Cherman recently brought on Vinod Kasturi as the CEO of MARKET. Kasturi previously worked as CEO, Americas at Kitsune, a Tokyo and Paris-based fashion brand that’s also moved into hospitality. Kasturi said the goal with retail is for it to always be profitable, and in order to ensure that he finds spaces where he can do creative deals. The FISH MARKET is located in a space that was abandoned and will be demolished soon and turned into luxury condos.

“When you do that, we can get flexible with the landlord on rent structure and flexible options to extend,” says Kasturi. “The reason we can do retail is because Mike and the team have done a great job of growing the brand on a national scale with 40 to 50 wholesalers like Nordstrom. We’ve built a healthy business to take some of these swings.”

“We’ve been missing a person to help corral some of that ADD energy and synthesize that into something that can be productive for the business and for the brand,” says Cherman of Kasturi. “I would have gotten an expensive space and signed a huge lease and been in an expensive situation. The lesson is, you don’t need to spend a bunch of money for retail, you can be creative if you are willing to roll up your sleeves and do some work.”
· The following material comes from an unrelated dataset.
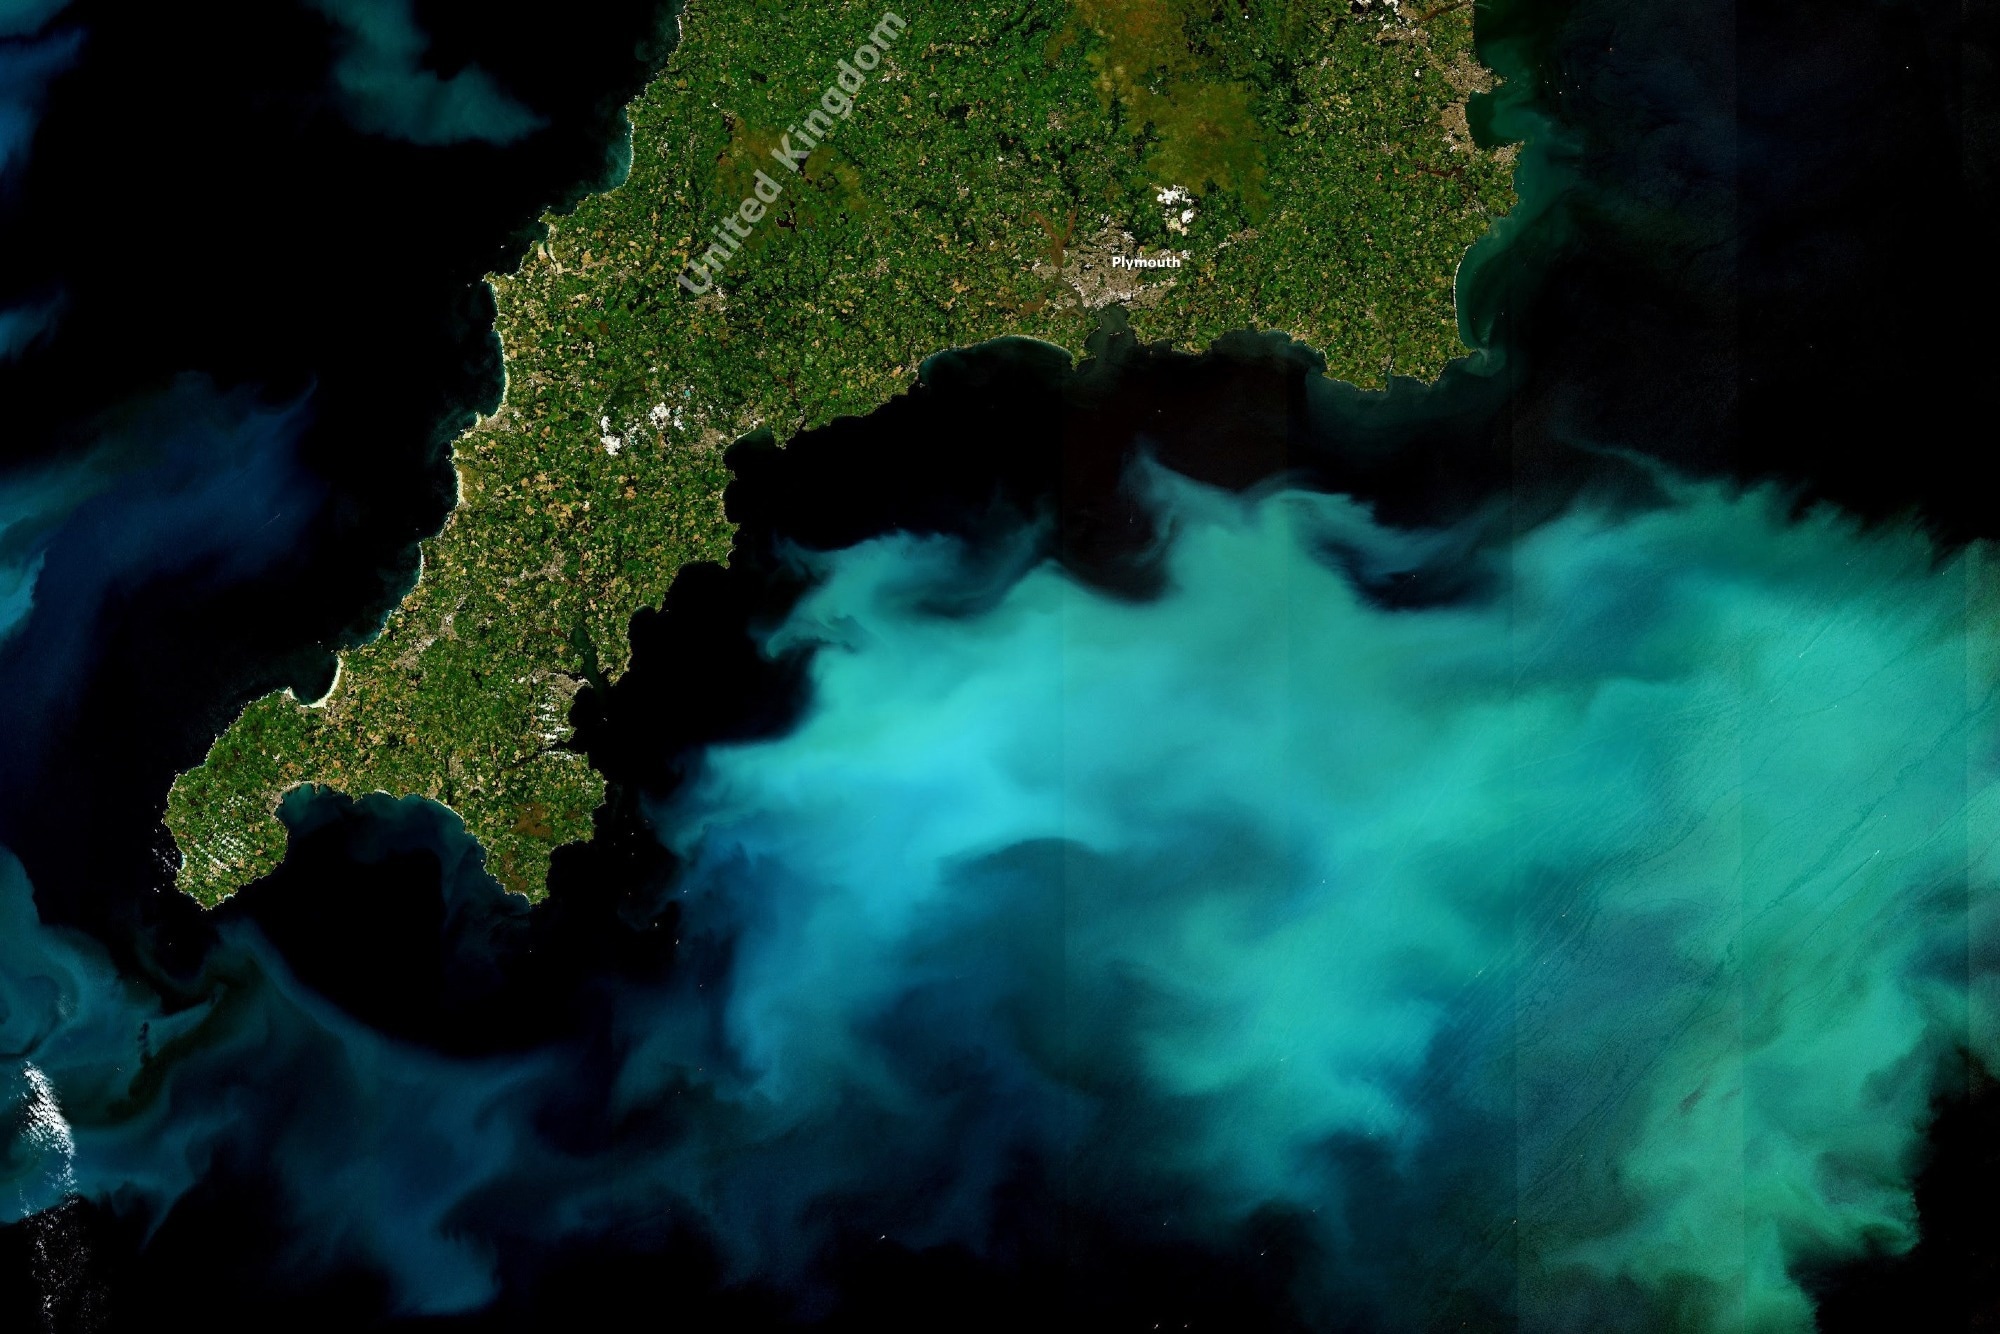 Australia Joins With the UK to Deliver Large-Scale Water Quality Monitoring From Space

Cherman has been on a journey with MARKET. He launched the brand at ComplexCon in 2016 based on bootlegs before partnering with brands like Puma, Lacoste, and The Grateful Dead on collabs, as well as working with the Smiley license on products that were sold at Urban Outfitters. In 2021, Julian Han Bush started a Change.org petition for Cherman to change Chinatown Market’s name, stating, “The concept of Chinatown is not for sale, especially not by a white person who only uses the word Chinatown as a synonym for bootleg.” Cherman and team quickly responded by acknowledging that Chinatown wasn’t their name to use. He will donate proceeds of the store profits to New York organization Welcome To Chinatown’s “The Longevity Fund,” which provides monetary grants to assist Manhattan Chinatown small businesses.
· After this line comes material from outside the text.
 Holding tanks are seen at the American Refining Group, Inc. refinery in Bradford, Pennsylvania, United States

“Speaking as a vulnerable creative, it was a challenge to figure out how do you brand things? How do you do a text layout when you used to have two words and now you have one and then, you know, finding the right voice coming out of the pandemic? I think everyone had that challenge whether or not they changed their name,” says Cherman.

Cherman has also gone through different aesthetic phases with the brand at one point moving more into ready-to-wear, then discovering his customer expects graphic T-shirts from his line. And early on he made the decision to forgo being the cool guy, hype brand.

“We decided to let more people in and to be more of an inclusive brand, which ultimately did hurt us being in the cool guy zeitgeist,” says Cherman. “Kids were, like, ‘I can't resell this on Grailed.’ But the reality is that we want to make something that is inclusive of more people. And while we might miss out on that customer, we do believe that the MARKET universe can service the right type of customer. And it's not someone who is just there for today, gone tomorrow.”

Aside from moving into retail, Cherman, who took on investment from The Chernin Group, says there are plans to reenter the Japanese and Korean markets, build a larger relationship with retailers like Nordstrom, and introduce more brands under MARKET Studios.

“I can't say the exact projects, but we're launching three brands that are gonna come out of this world,” says Cherman. “MARKET Studios is going to become this house of brands that we're really excited about. We've done this for so many people for so many years and now it's time for us to actually step out and just start flexing that muscle for ourselves.”